**THE PROBLEM**
Repeat the data that follows exactly, starting at the line with "A section of" and ending at the line with "Chevrolet Power Vision, 6405/4410TK", and leave out every picture.

**MATERIALS PROVIDED**
********************
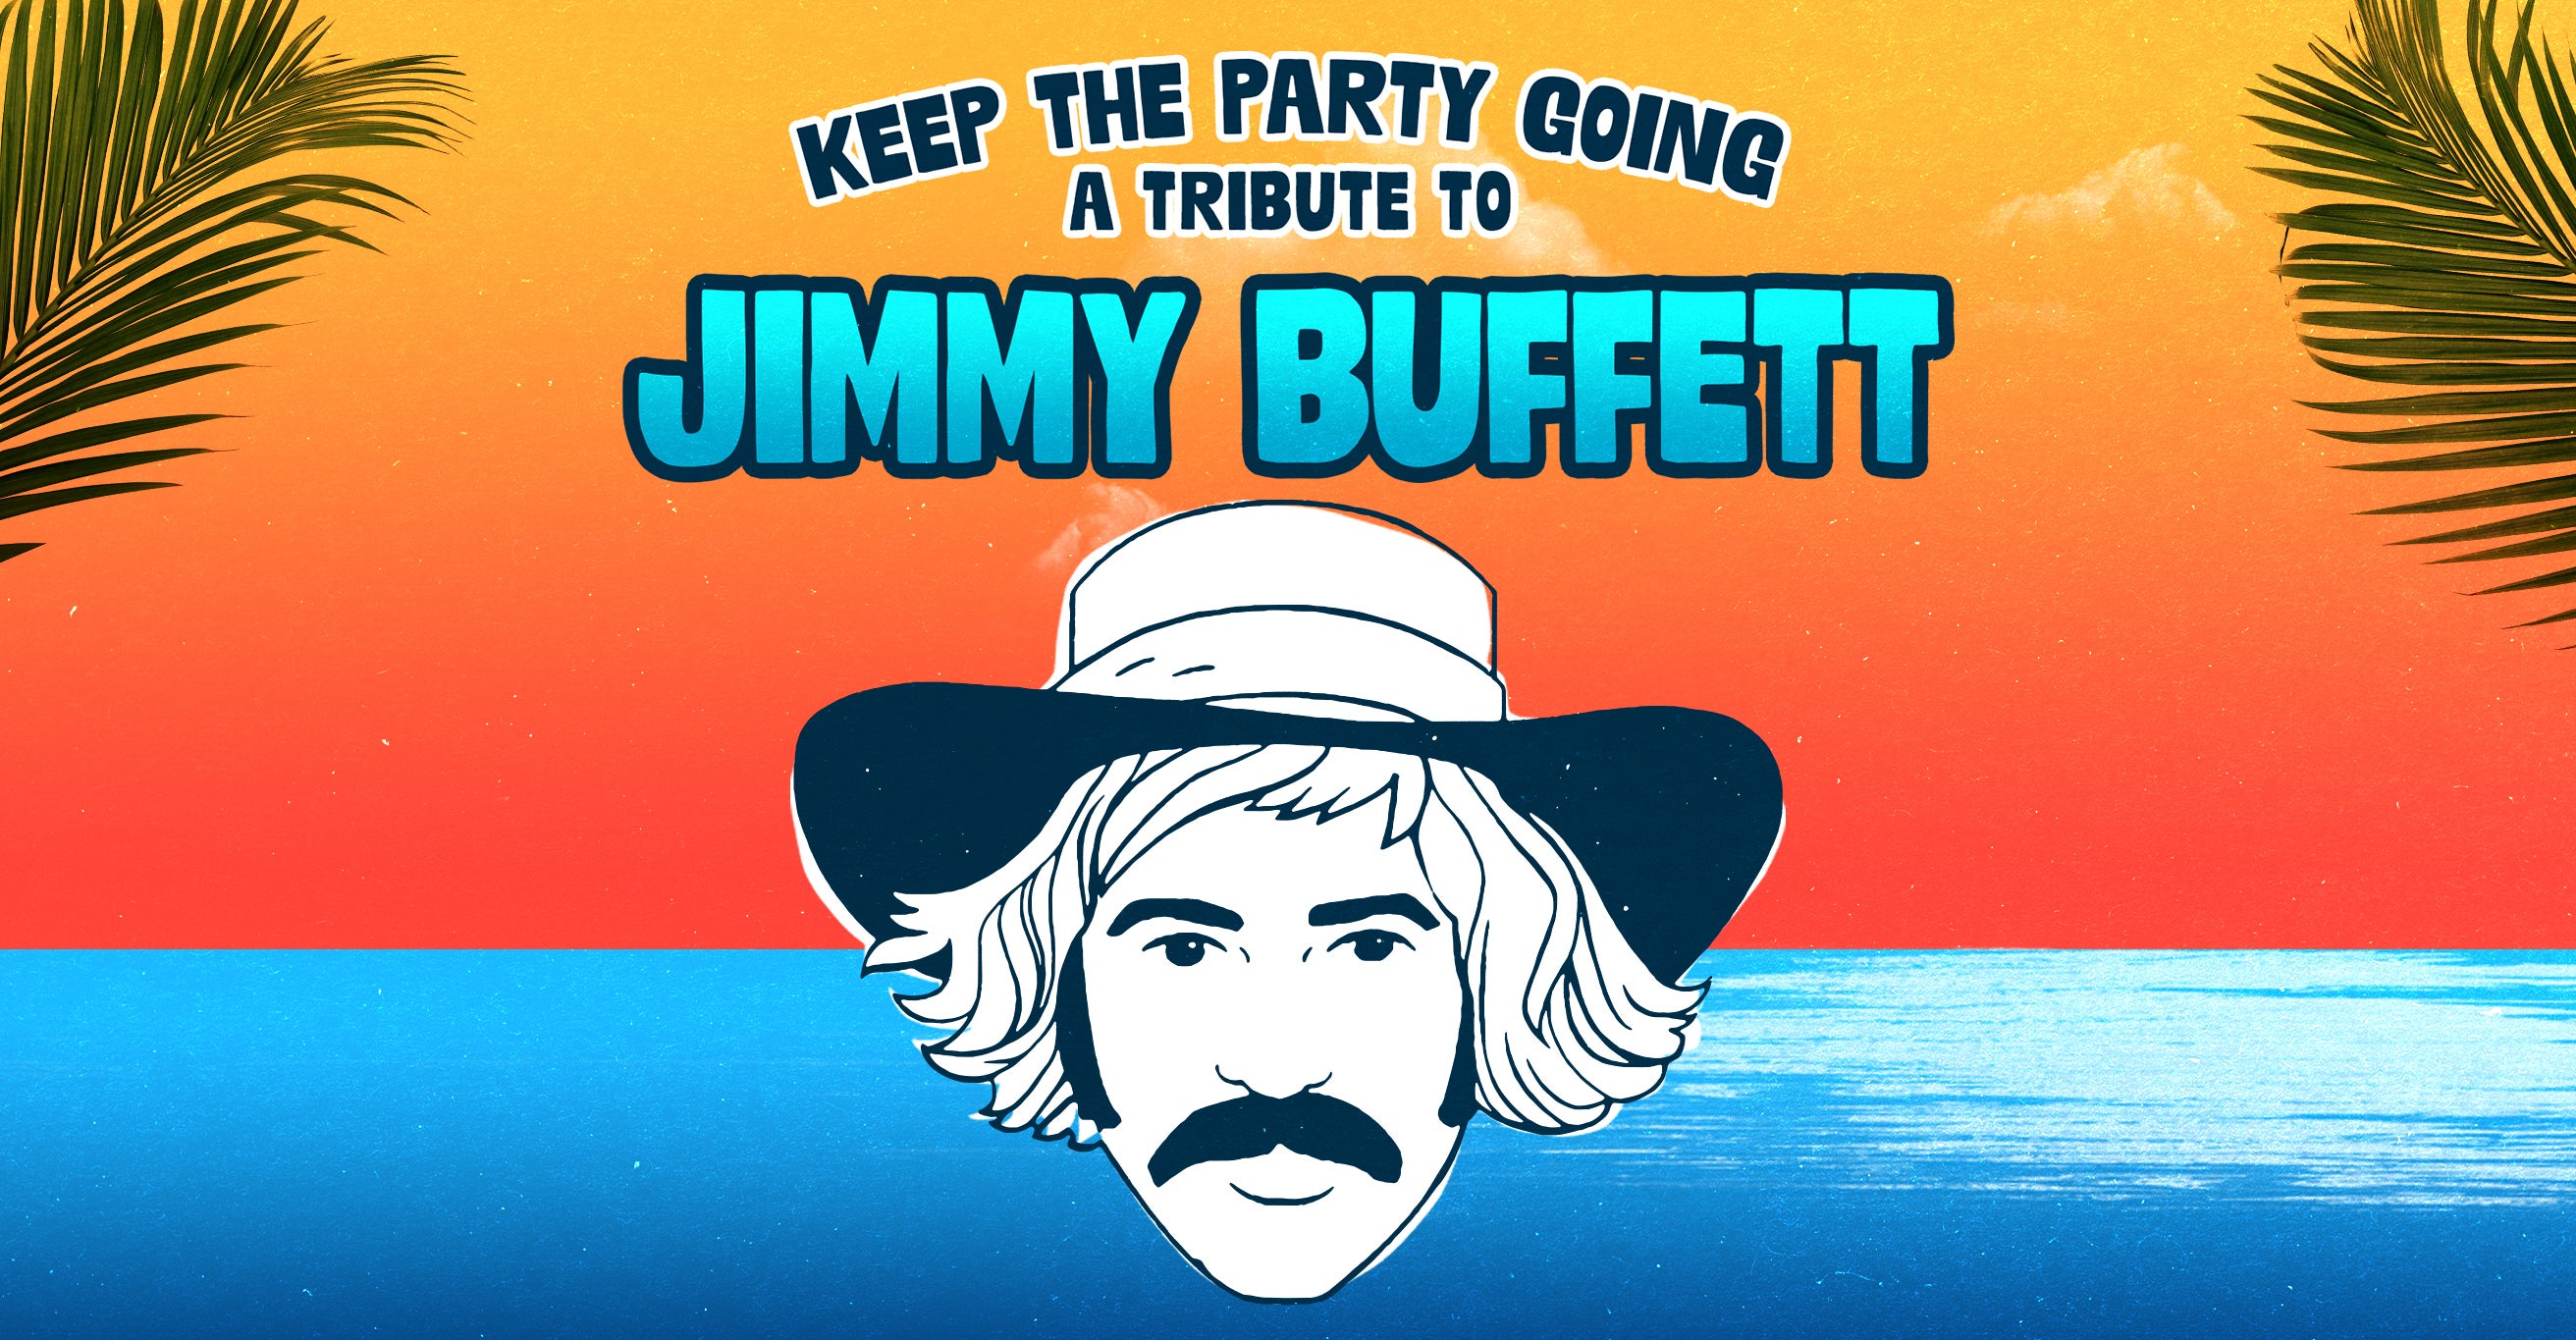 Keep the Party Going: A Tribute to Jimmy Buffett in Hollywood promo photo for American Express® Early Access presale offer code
********************
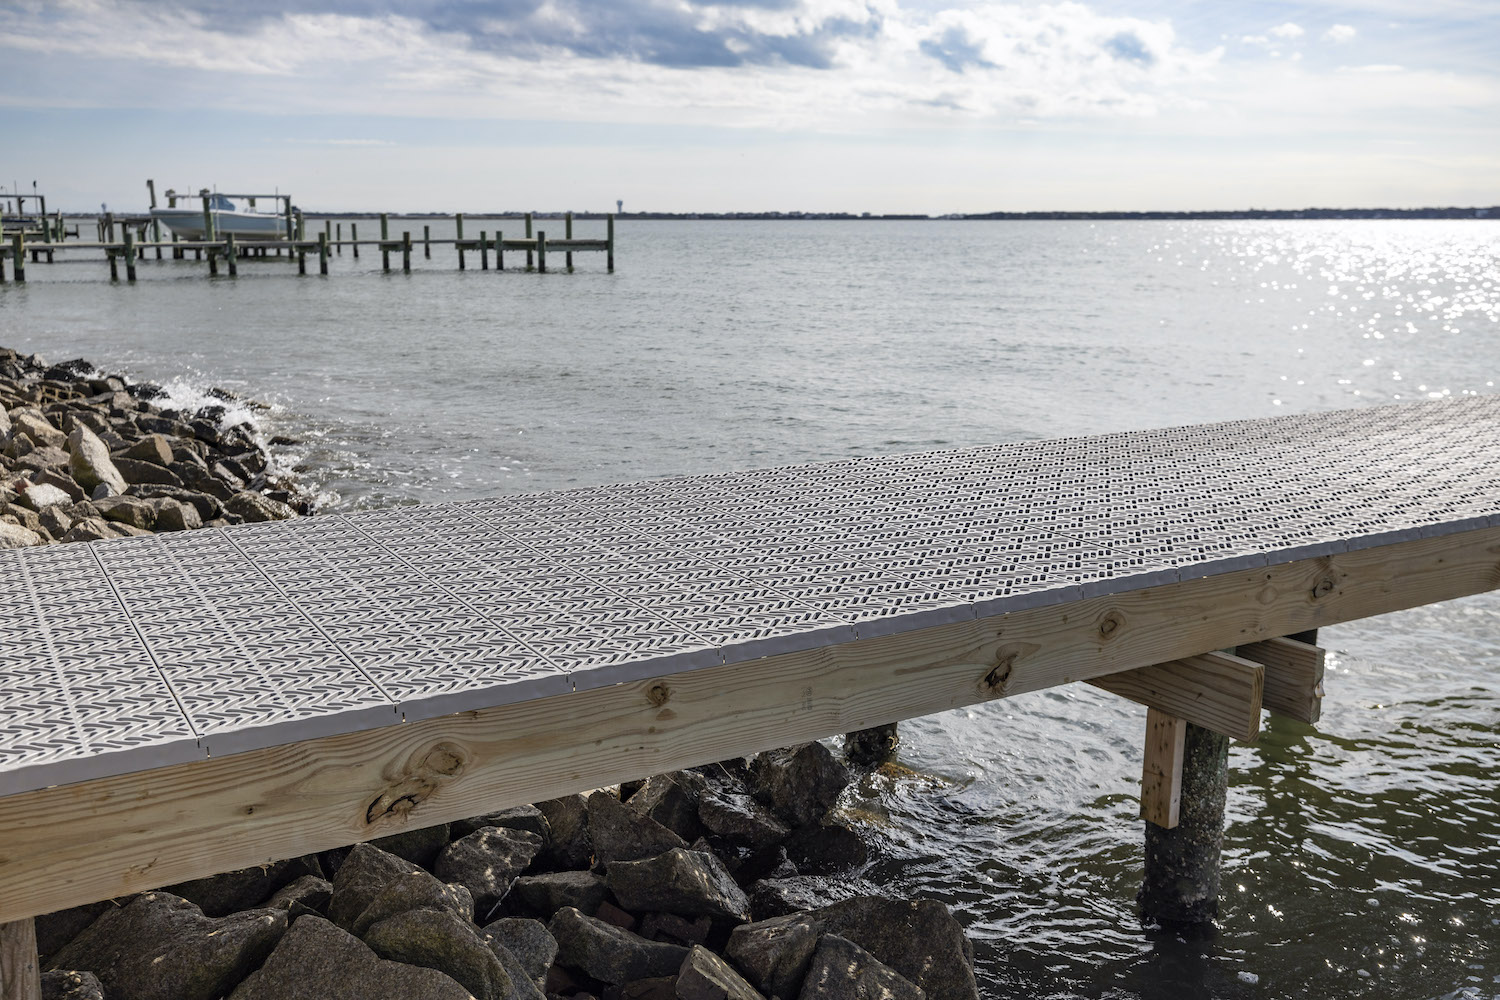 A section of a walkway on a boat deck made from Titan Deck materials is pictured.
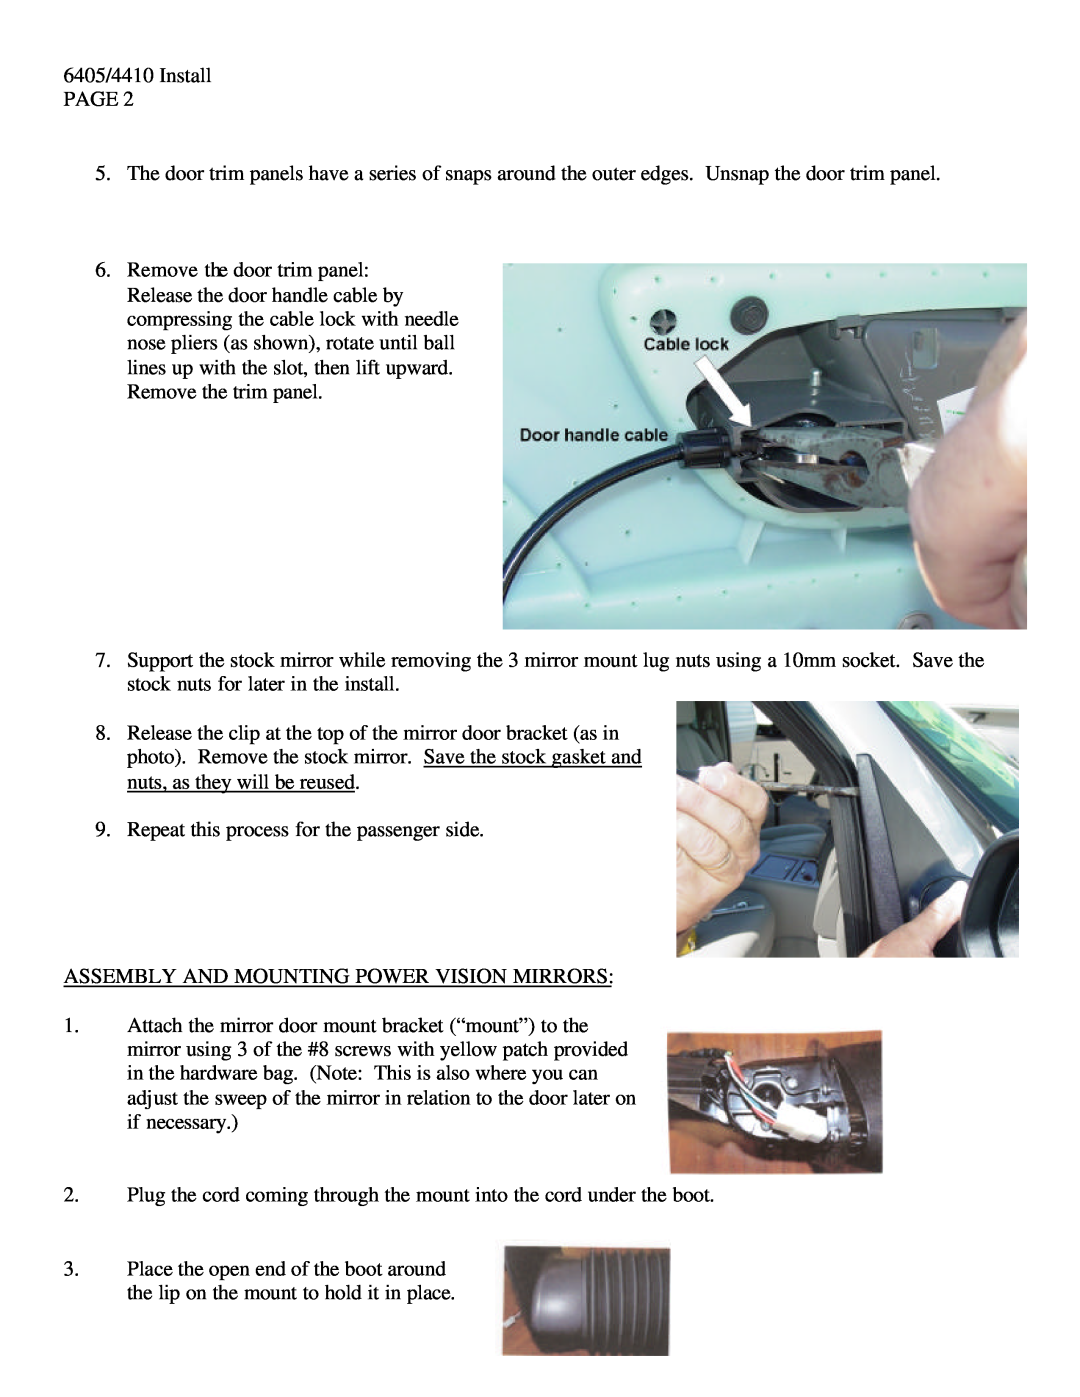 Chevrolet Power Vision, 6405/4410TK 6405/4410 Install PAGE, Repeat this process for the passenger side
********************
**ANSWER TO THE PROBLEM**
 A section of a walkway on a boat deck made from Titan Deck materials is pictured.
 Chevrolet Power Vision, 6405/4410TK 6405/4410 Install PAGE, Repeat this process for the passenger side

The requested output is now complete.